What you are asked to do: Only the lines from the one holding "Louis Vuitton Borneo" through the end of the material are to be repeated, exactly and without pictures.

Given information below:

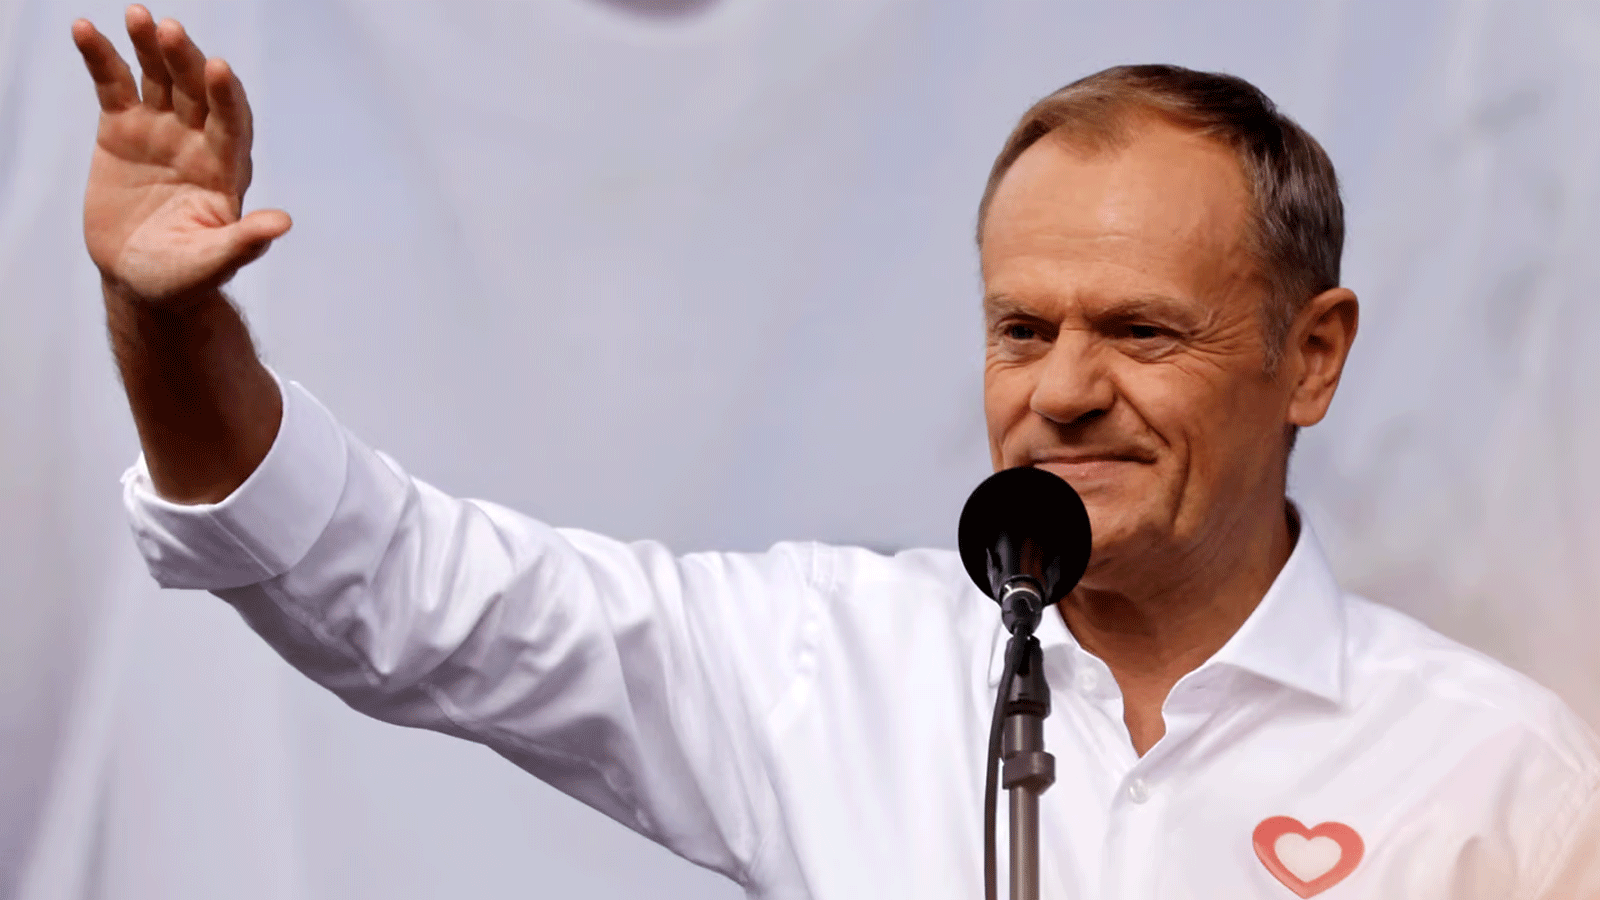 دونالد توسك مرشح التحالف المؤيد لأوروبا لرئاسة الوزراء في بولندا
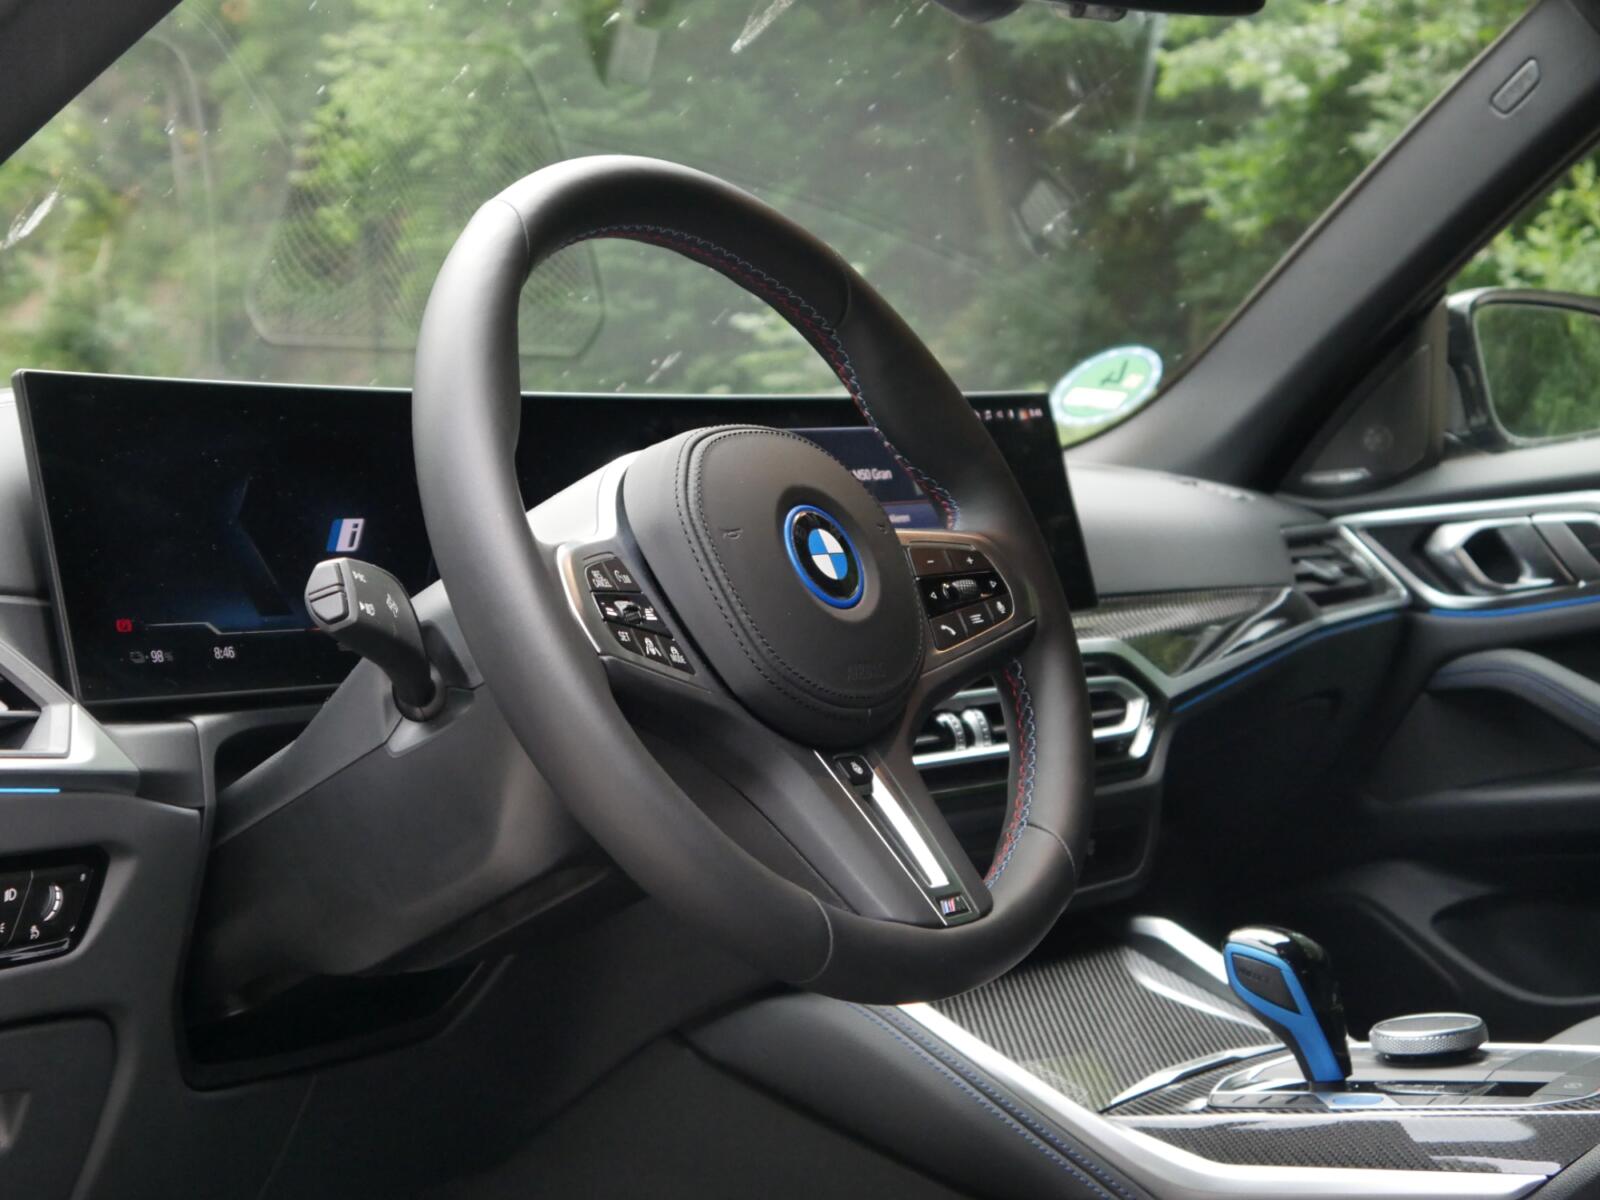 BMW bietet Sitzheizung für 17 Euro pro Monat im Abo an
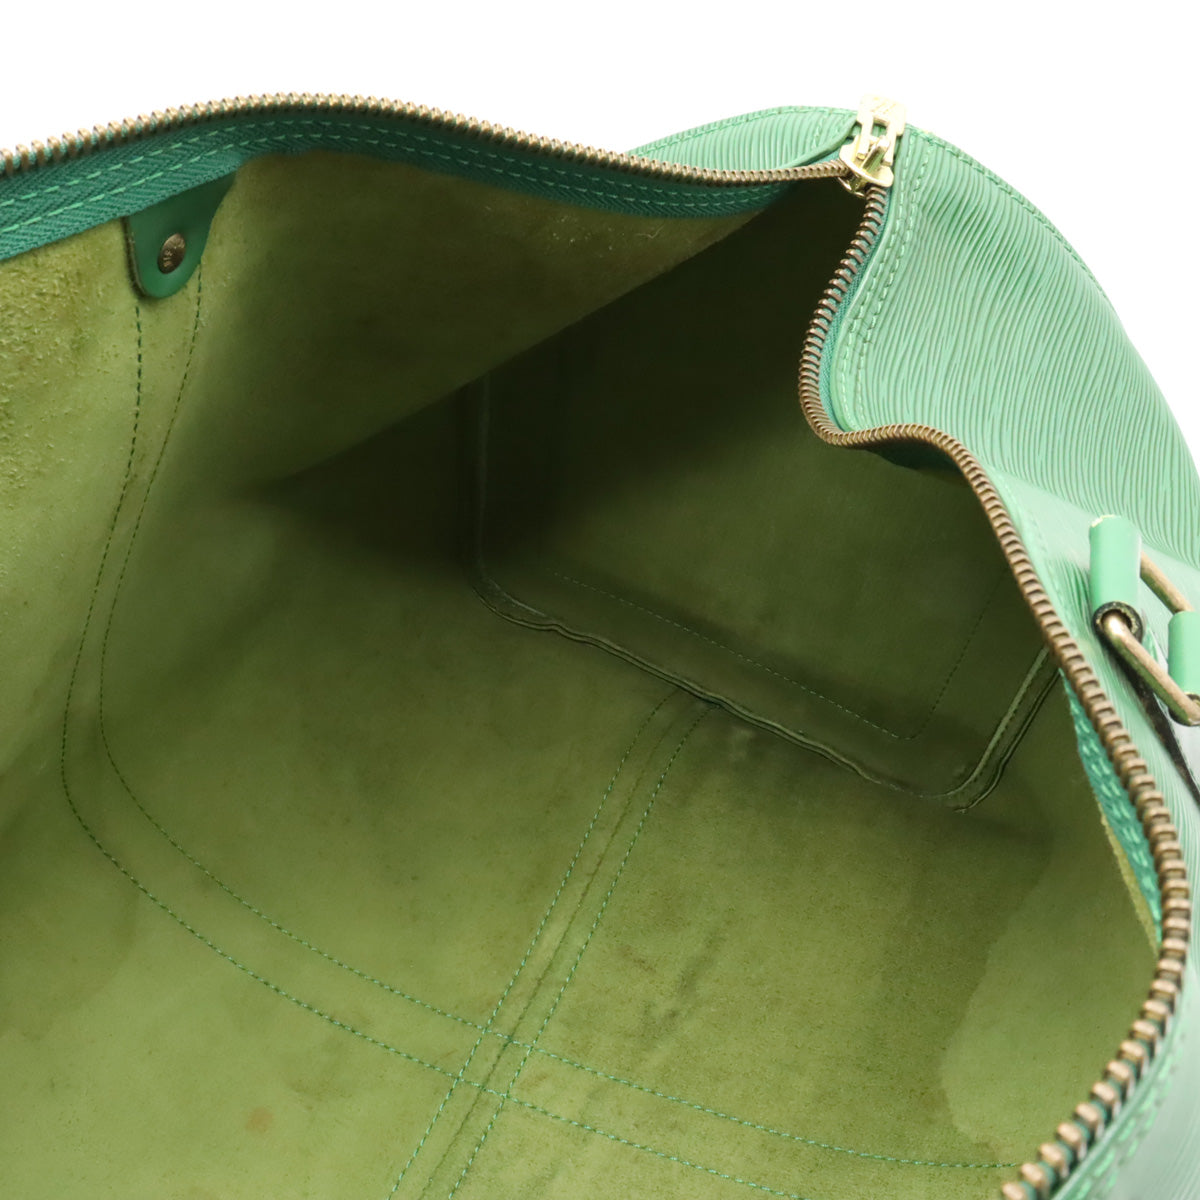 Louis Vuitton Borneo Green Epi Leather Keepall 45 Boston PM Duffle
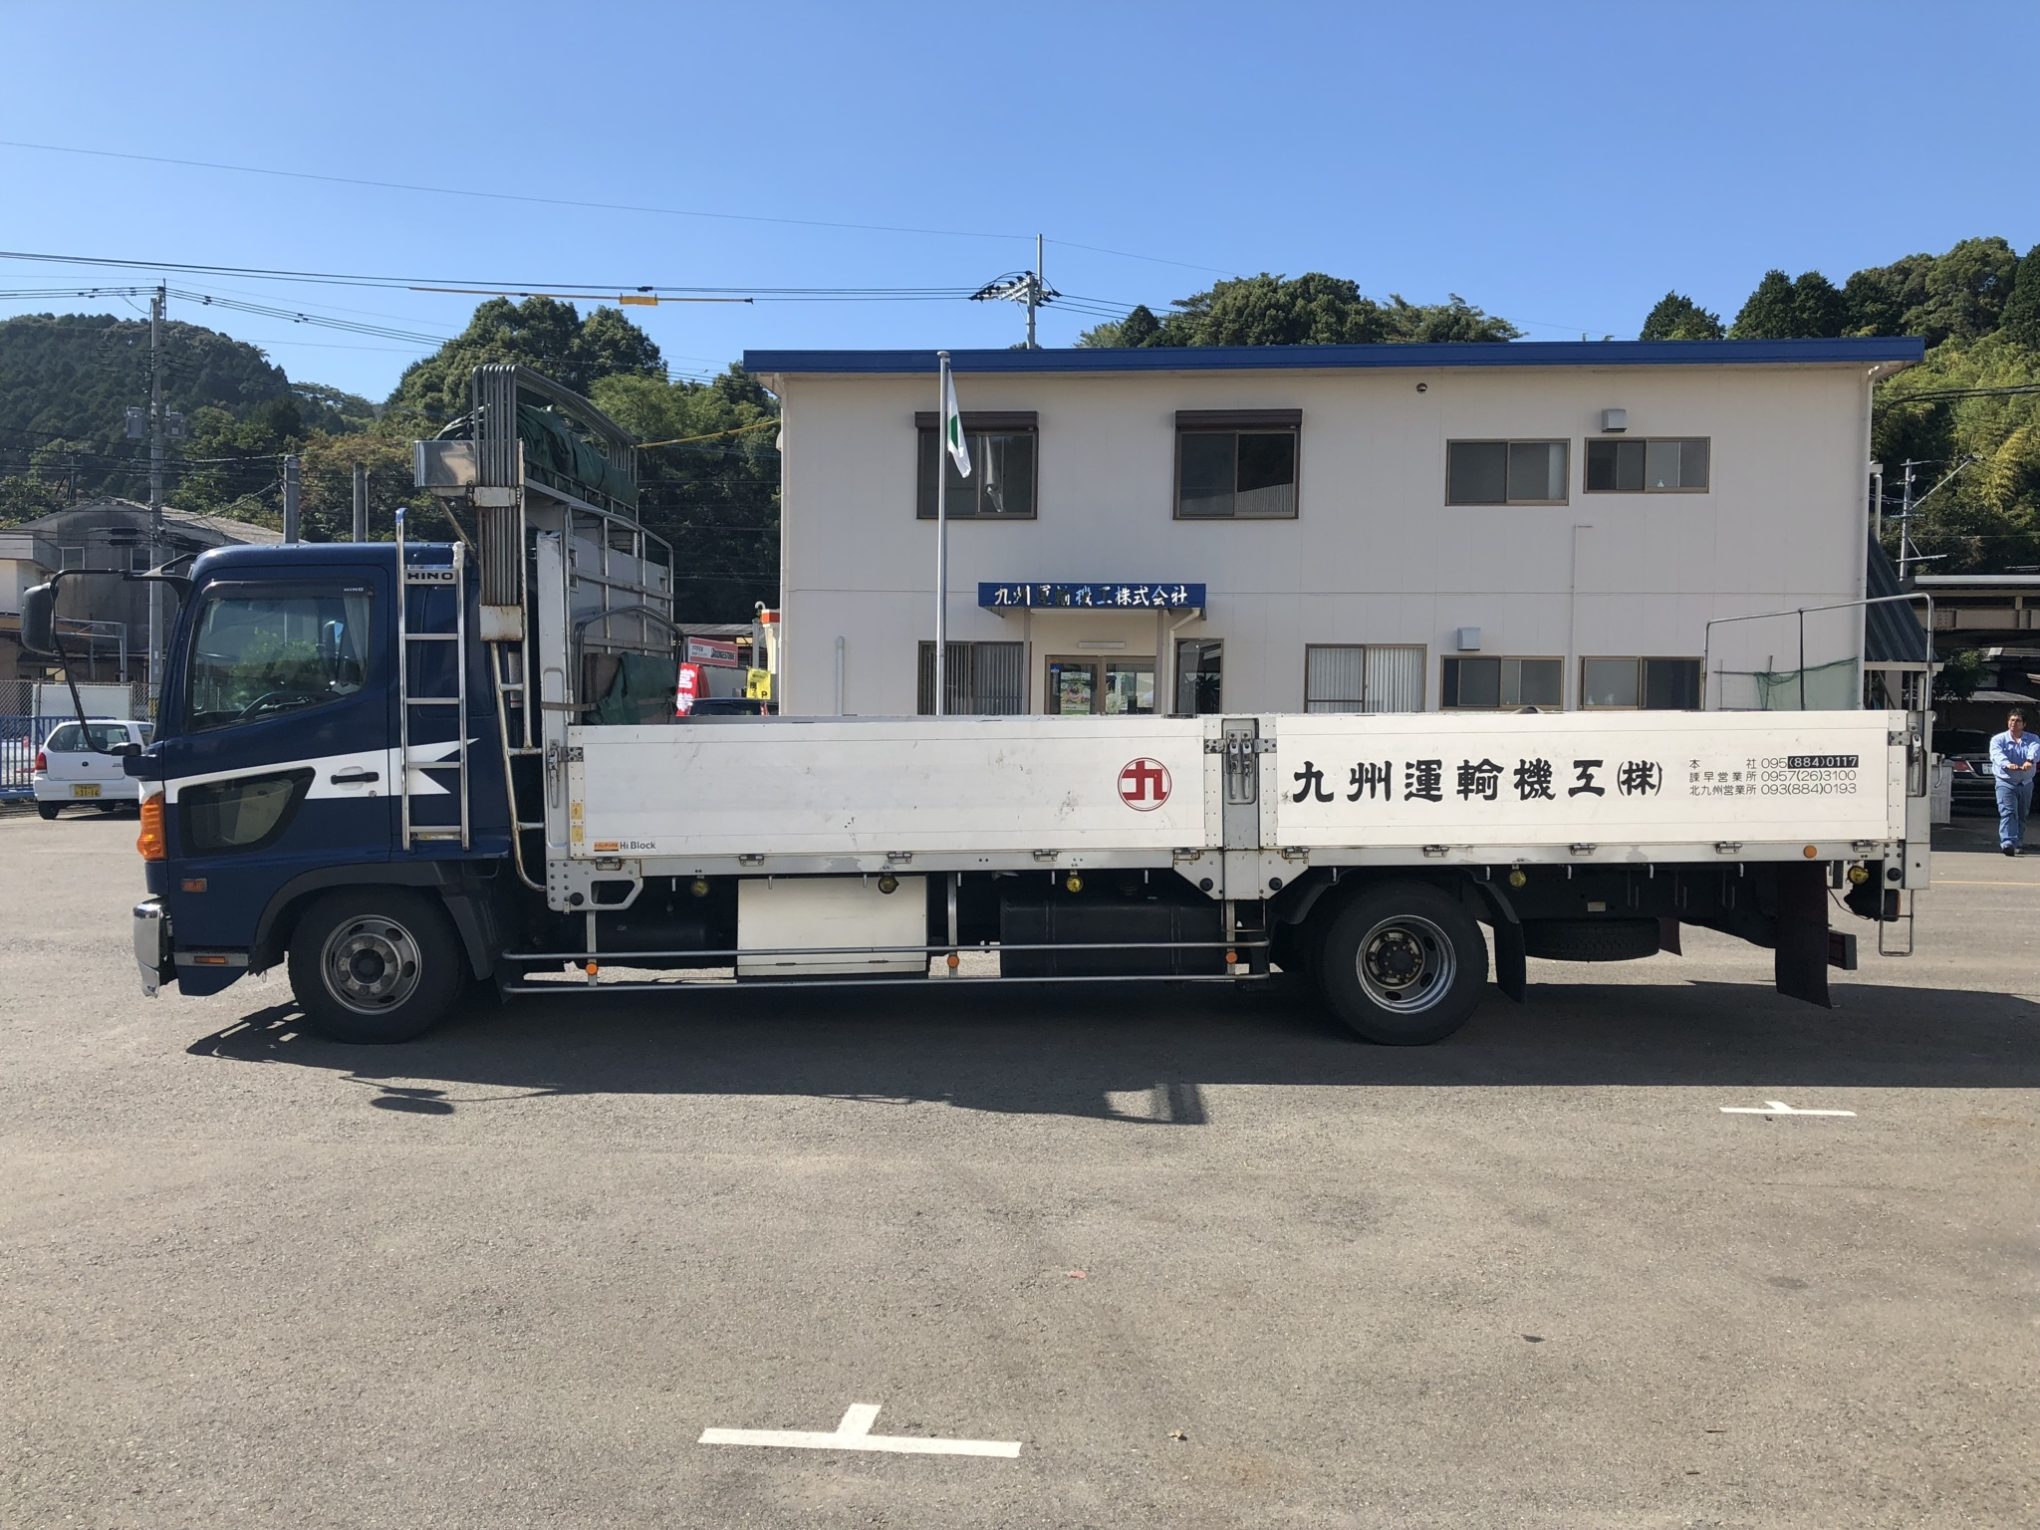 4t平ボディ車 フルワイド 九州運輸機工株式会社 公式ホームページ

End of Given information.

Response to the task:
 Louis Vuitton Borneo Green Epi Leather Keepall 45 Boston PM Duffle
 4t平ボディ車 フルワイド 九州運輸機工株式会社 公式ホームページ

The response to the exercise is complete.